Problem requirements - Begin at the line containing "Innenausbau hg raumdesign" and retype each line through the end of the records exactly. Include nothing else and no pictures.

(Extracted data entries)
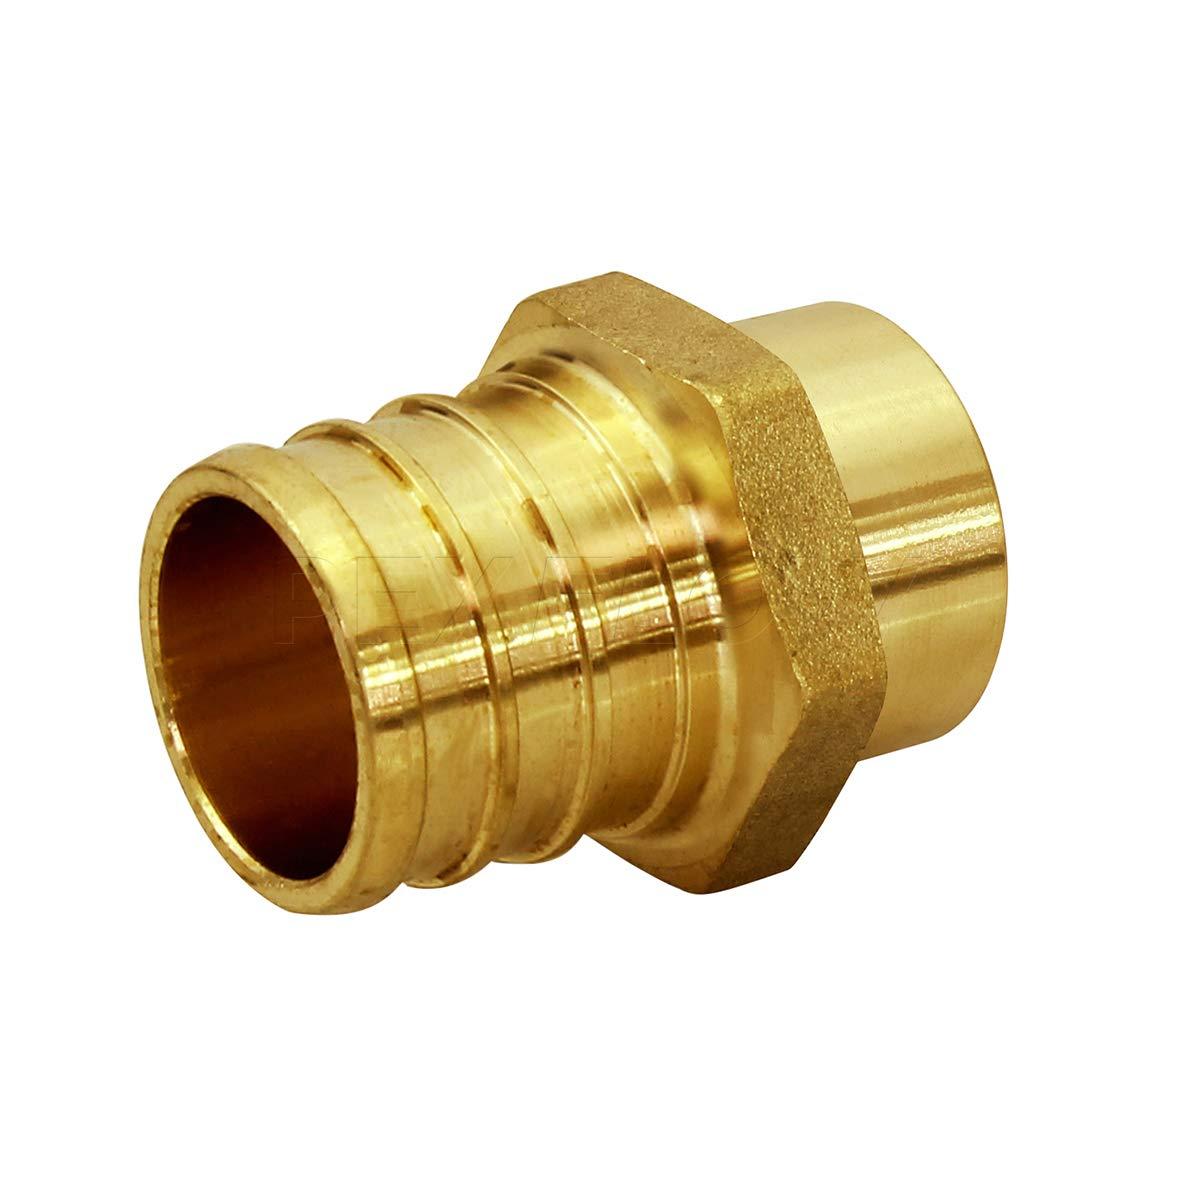 Pexflow PSMA3412-NL Male Sweat Adapter X Pex Barb Pipe Fitting 3//4 X 1//2 Brass
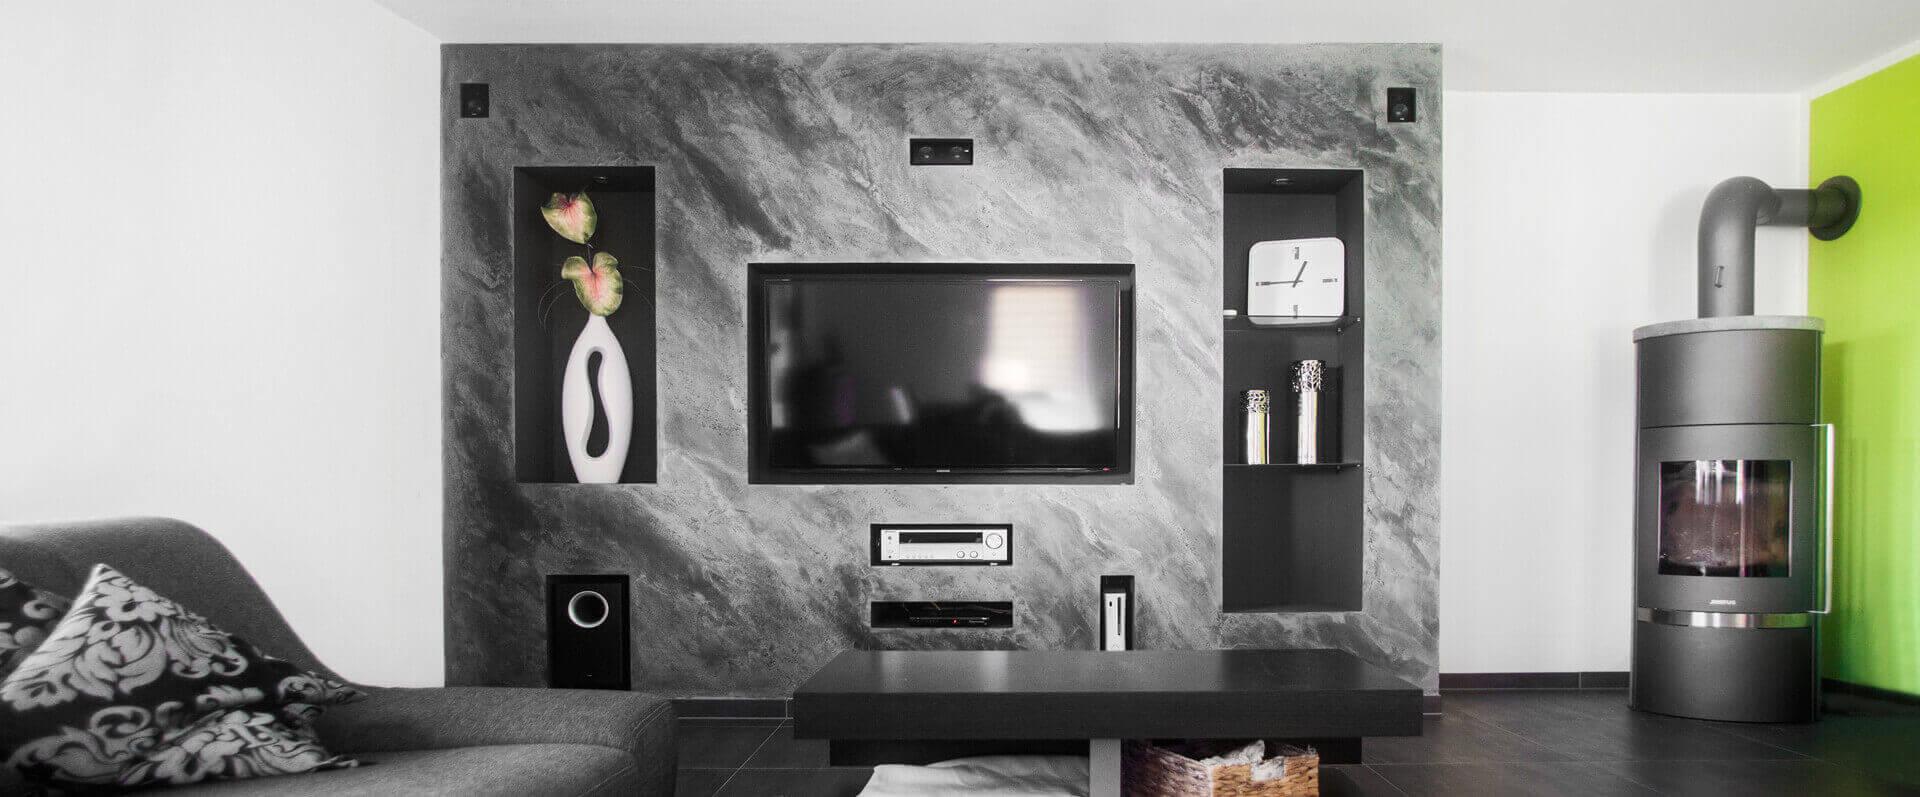 Innenausbau hg raumdesign gmbh for Raum design
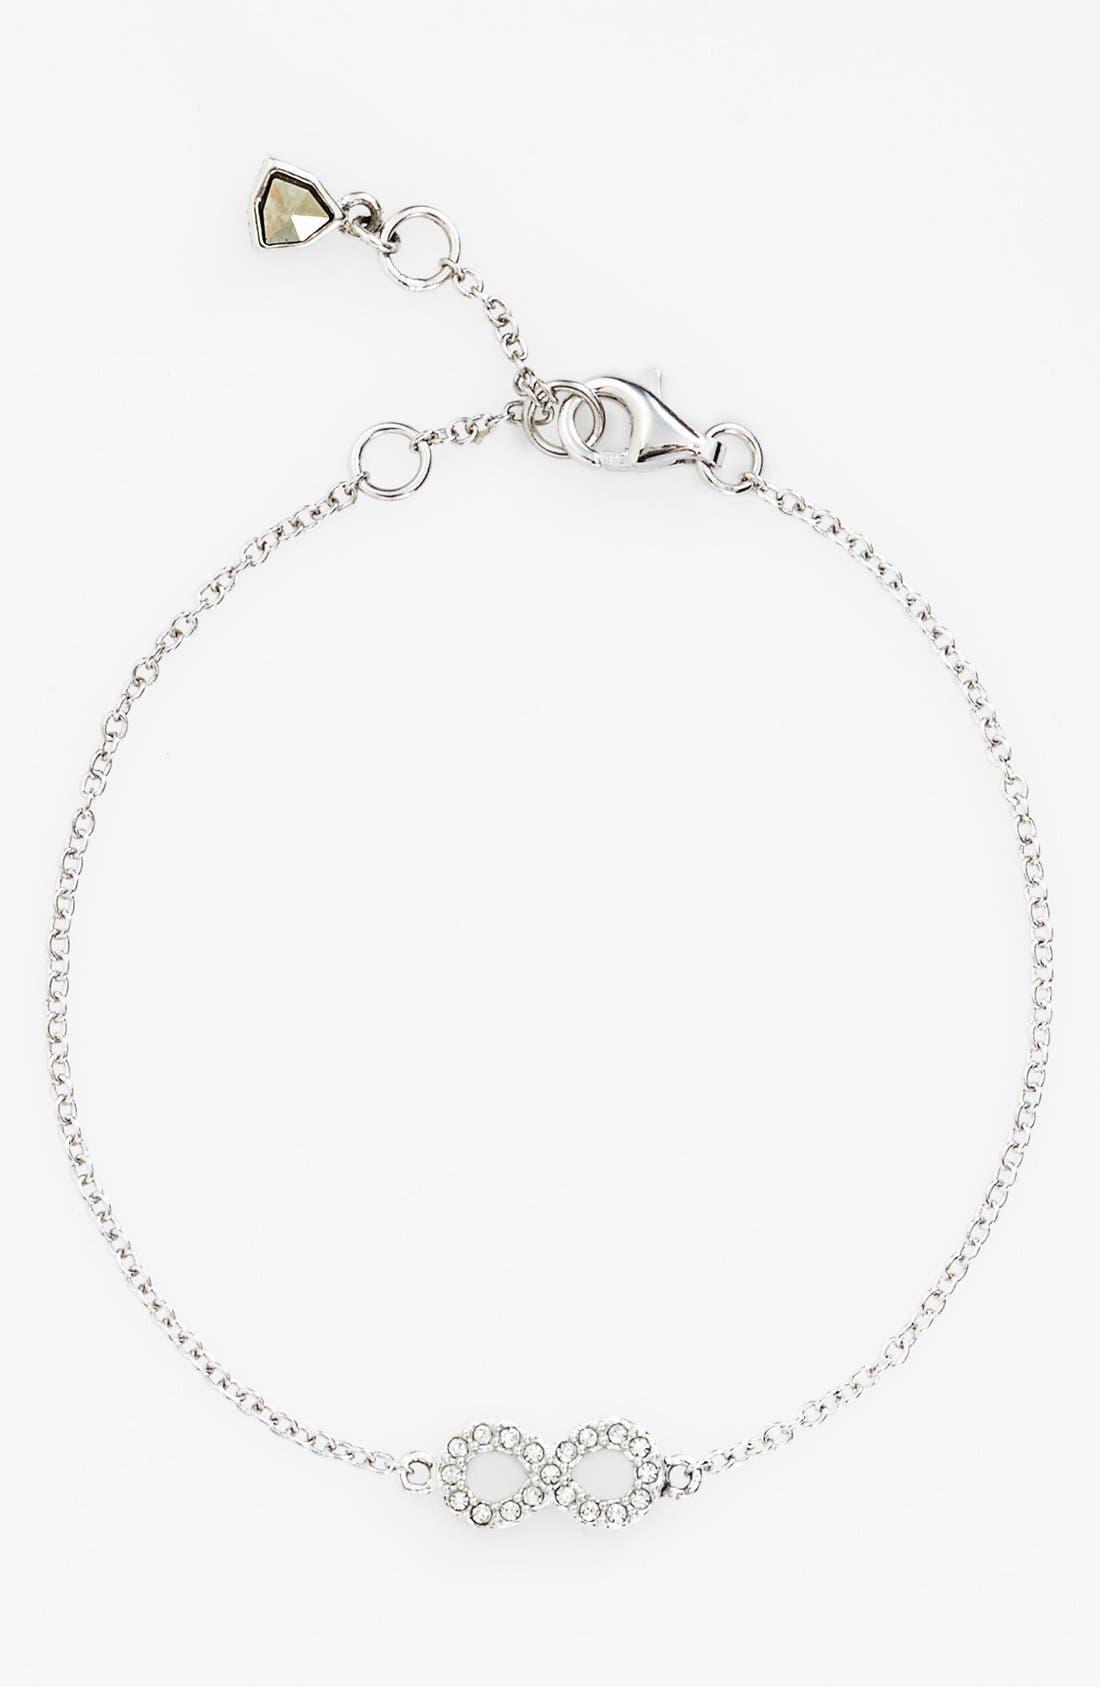 Alternate Image 1 Selected - Judith Jack 'Mini Motives' Infinity Symbol Station Bracelet
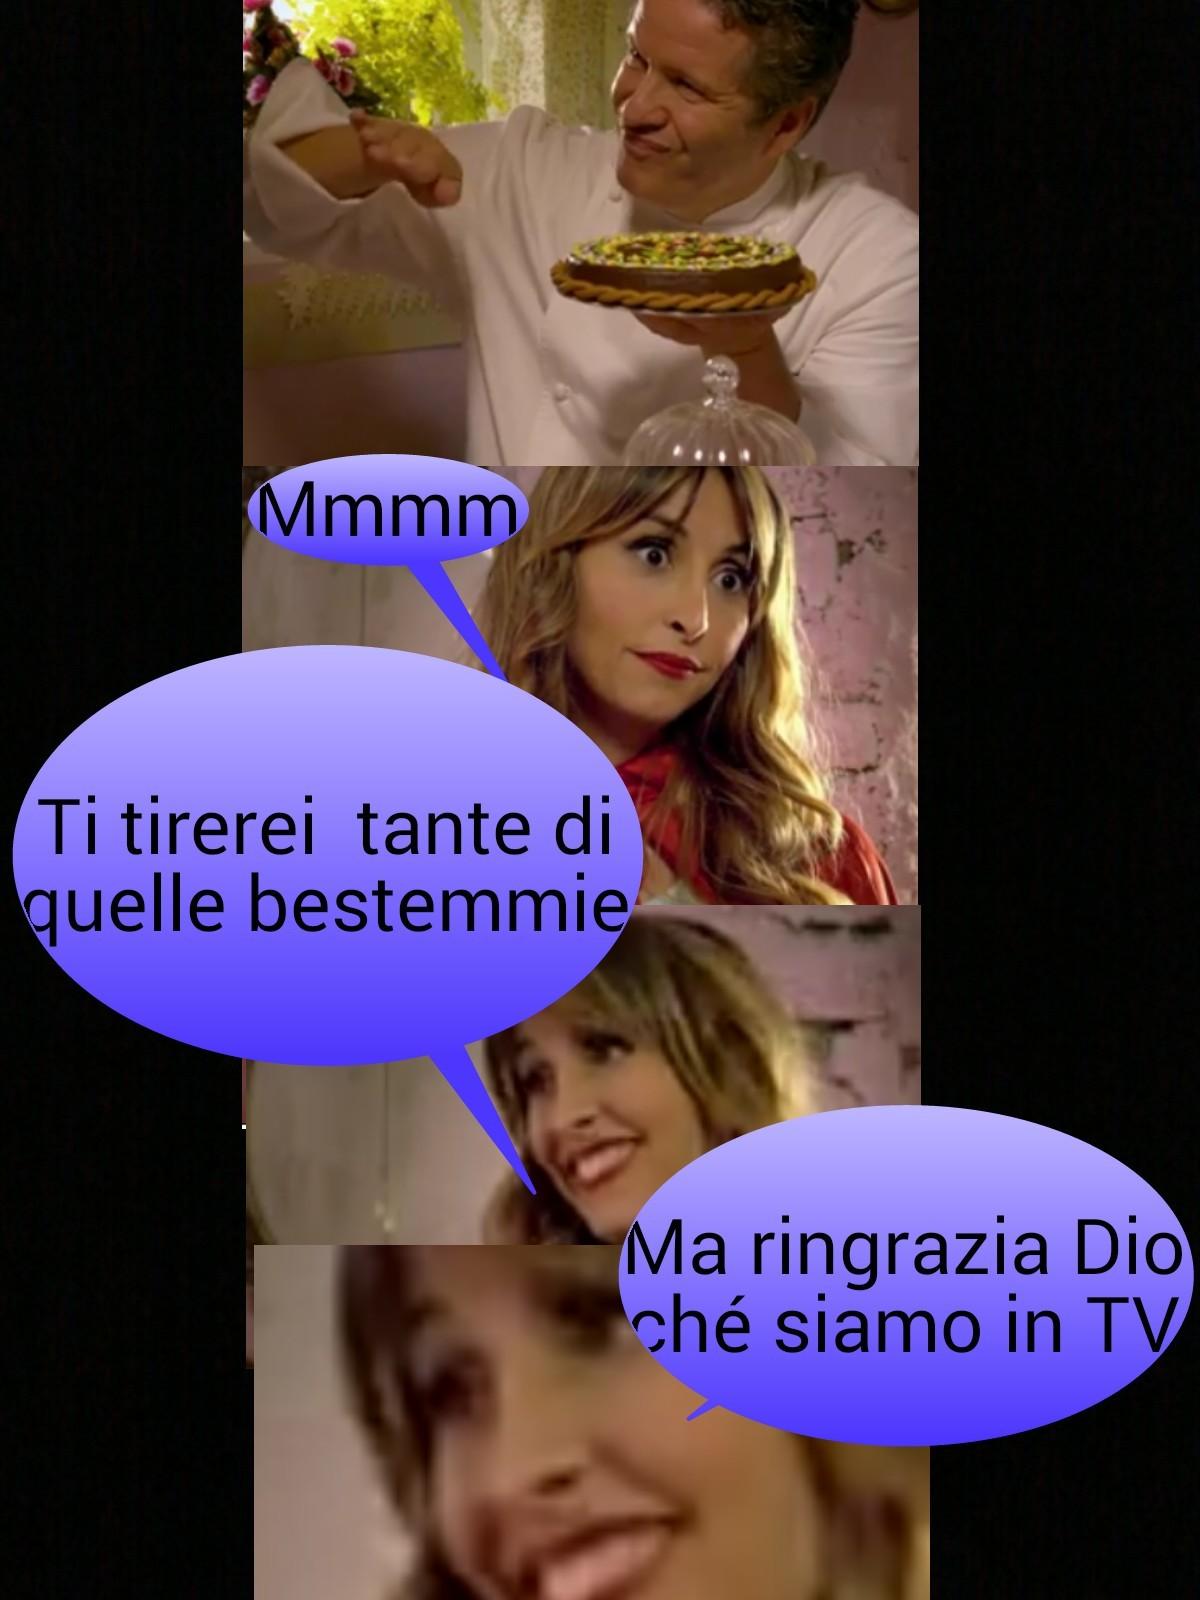 Mlmlmlml23 - meme
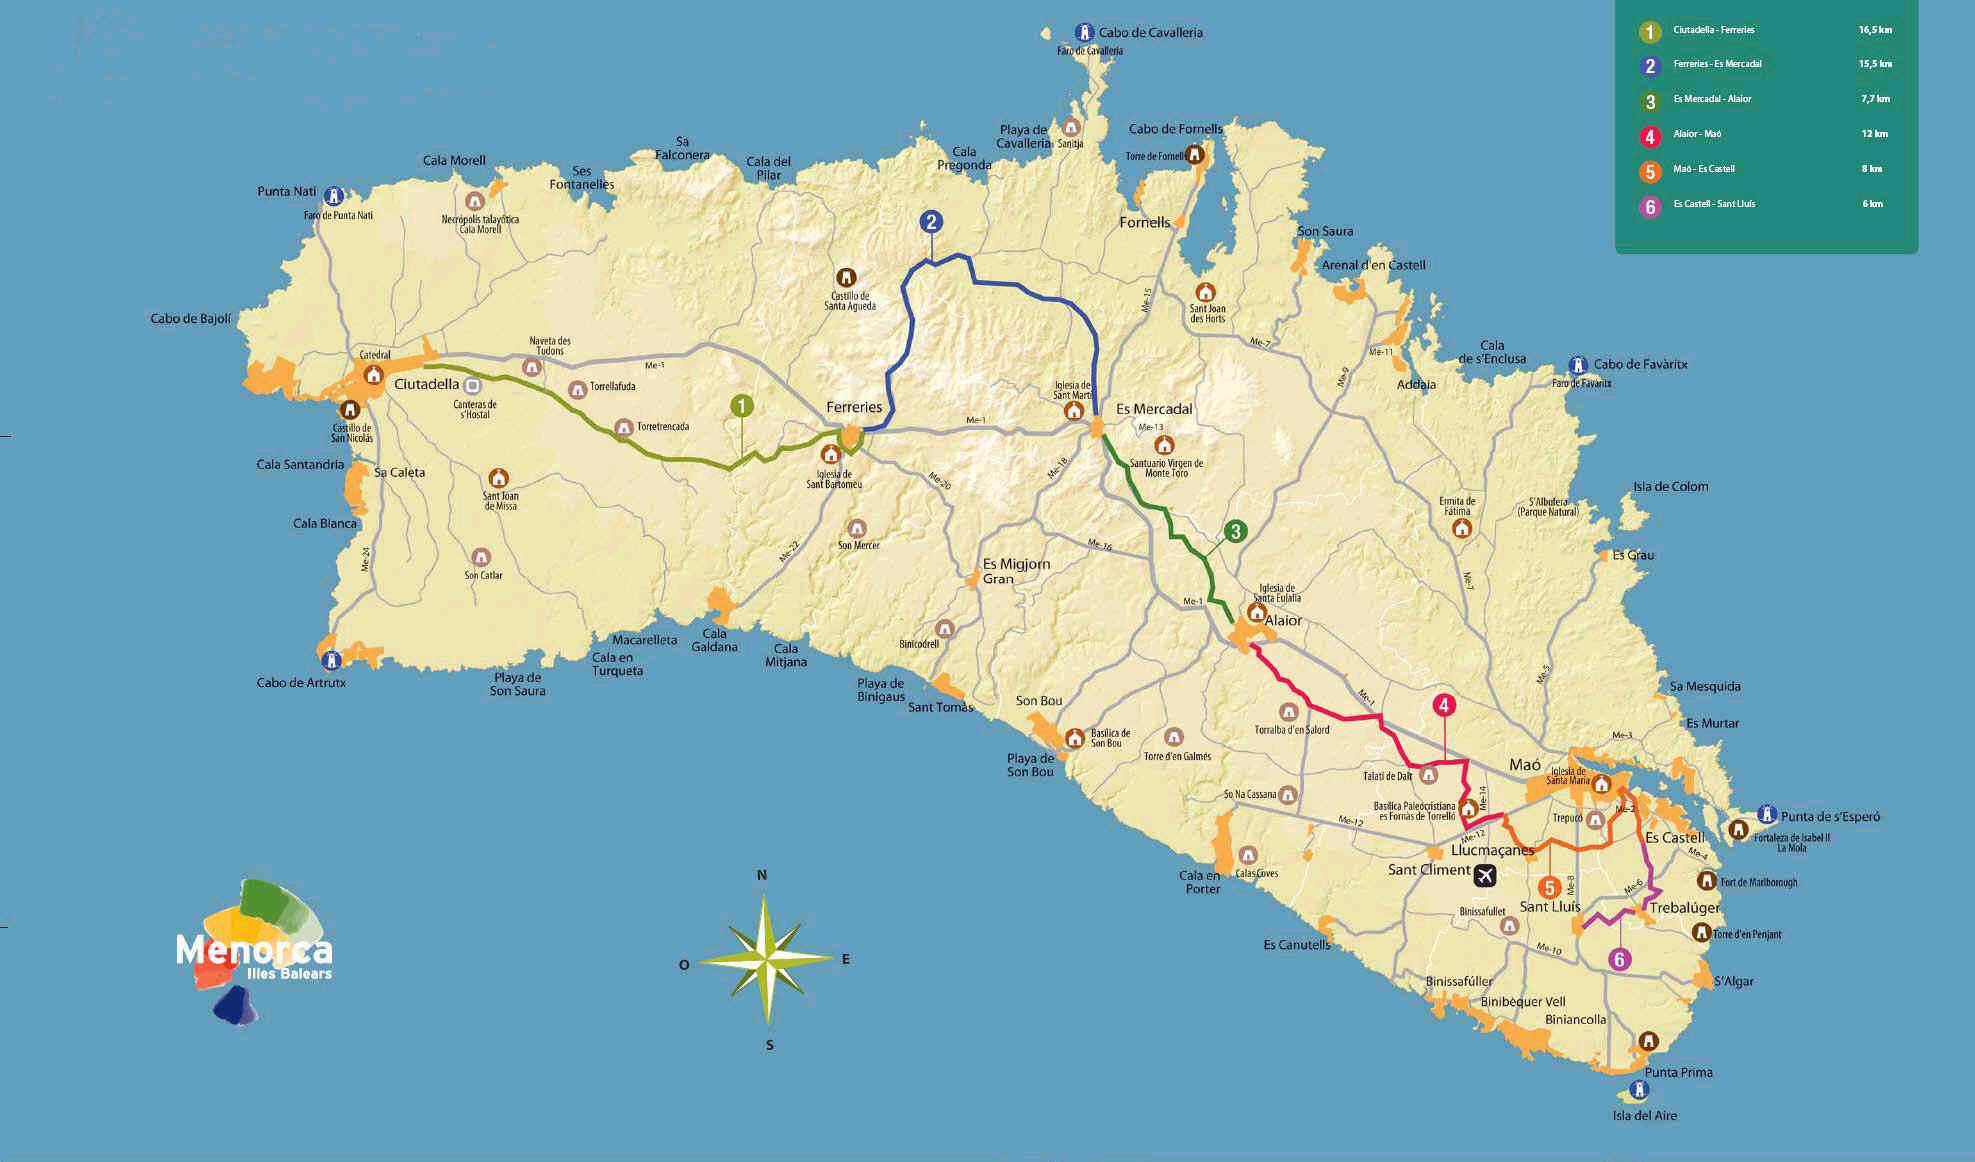 mapa_menorca_cicloturista

Answer box -
 Innenausbau hg raumdesign gmbh for Raum design
 Alternate Image 1 Selected - Judith Jack 'Mini Motives' Infinity Symbol Station Bracelet
 Mlmlmlml23 - meme
 mapa_menorca_cicloturista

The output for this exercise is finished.